Supplied information:
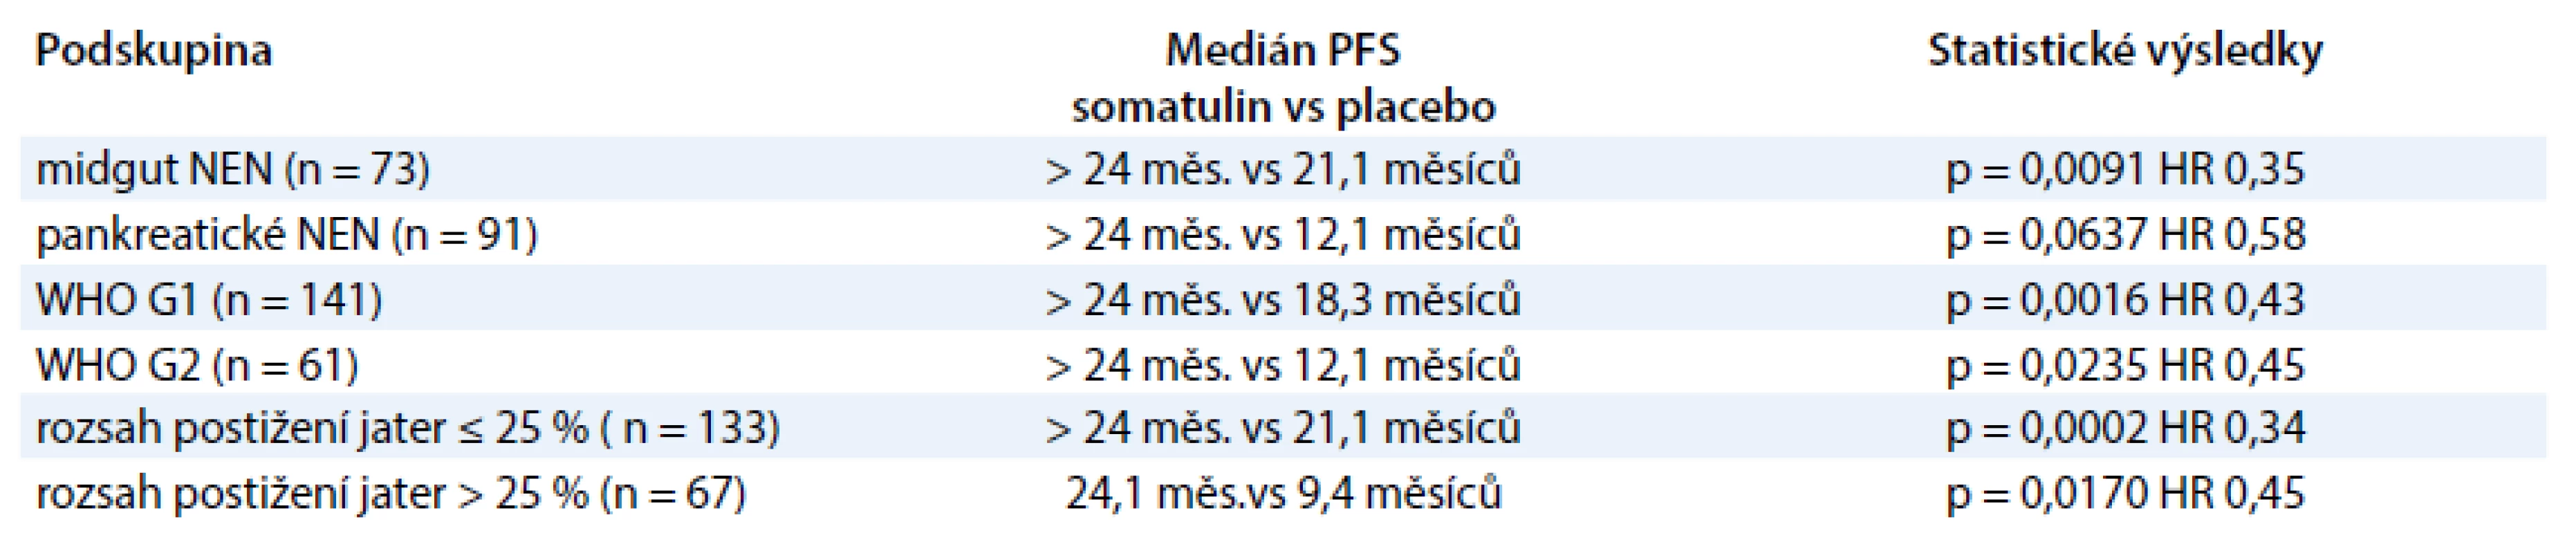 Studie CLARINET. Výsledky PFS u podskupin pacientů [6].
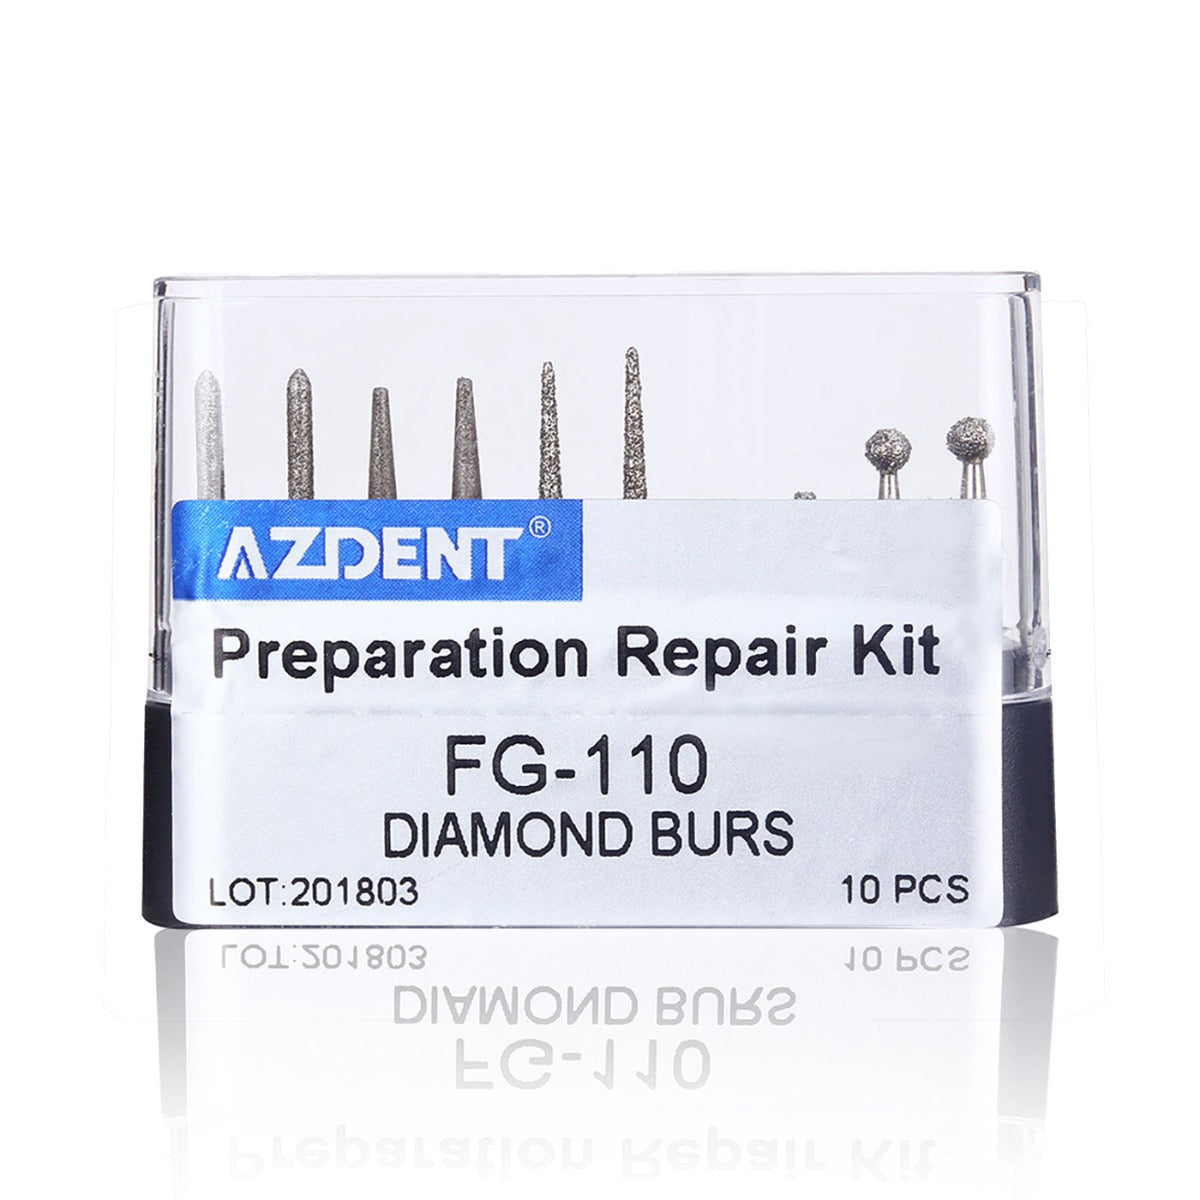 Dental Diamond Bur FG-110 Prepartion Repair Kit 10pcs/Kit - pairaydental.com
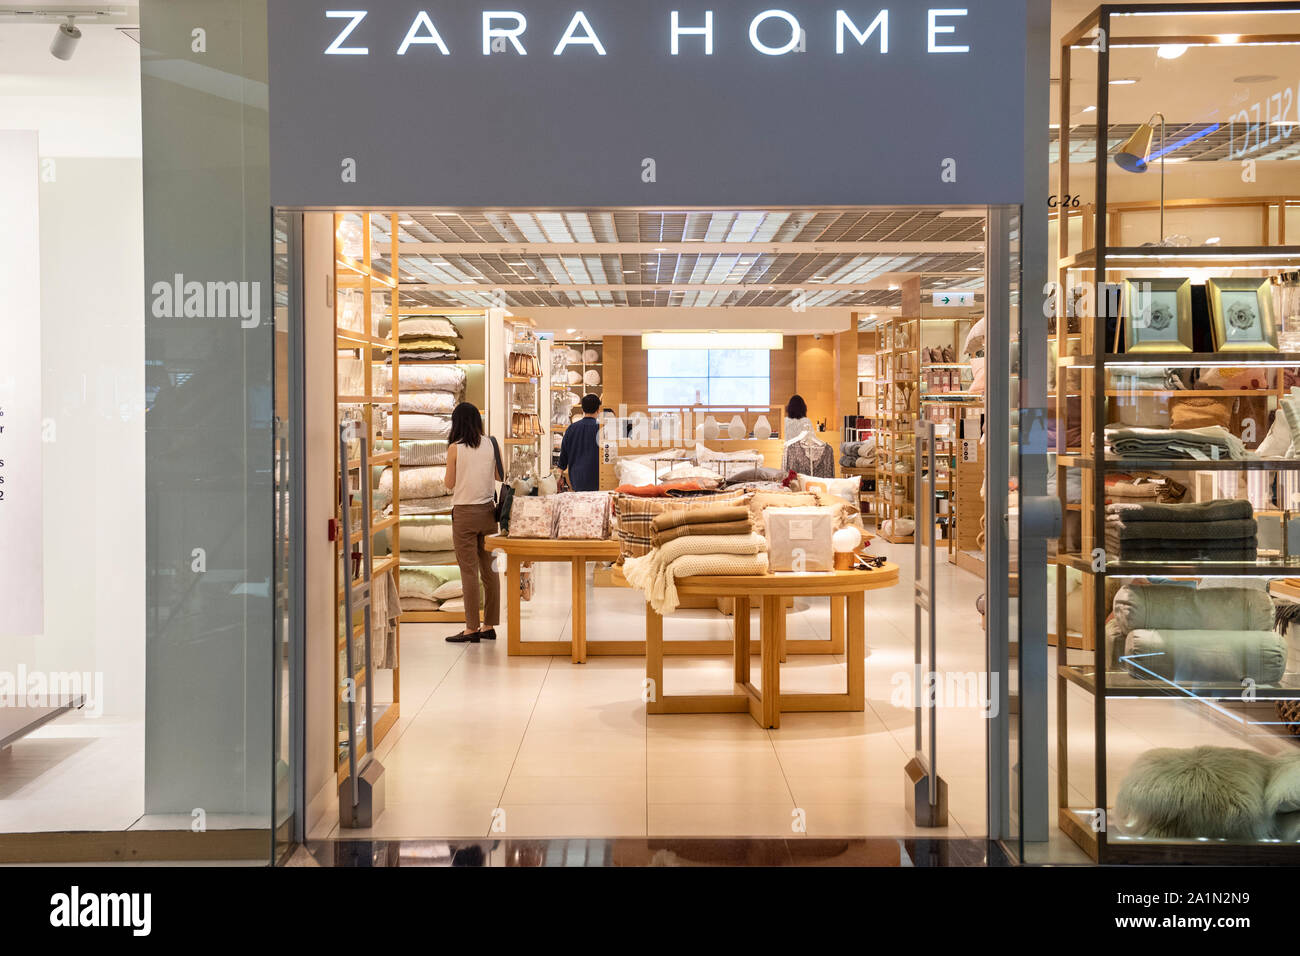 Zara home store immagini e fotografie stock ad alta risoluzione - Alamy

Assignment: Write out exactly the lines running from the one with "Dental Diamond Bur" through the end of the material, both ends included, while leaving the pictures out.

Solution:
 Dental Diamond Bur FG-110 Prepartion Repair Kit 10pcs/Kit - pairaydental.com
 Zara home store immagini e fotografie stock ad alta risoluzione - Alamy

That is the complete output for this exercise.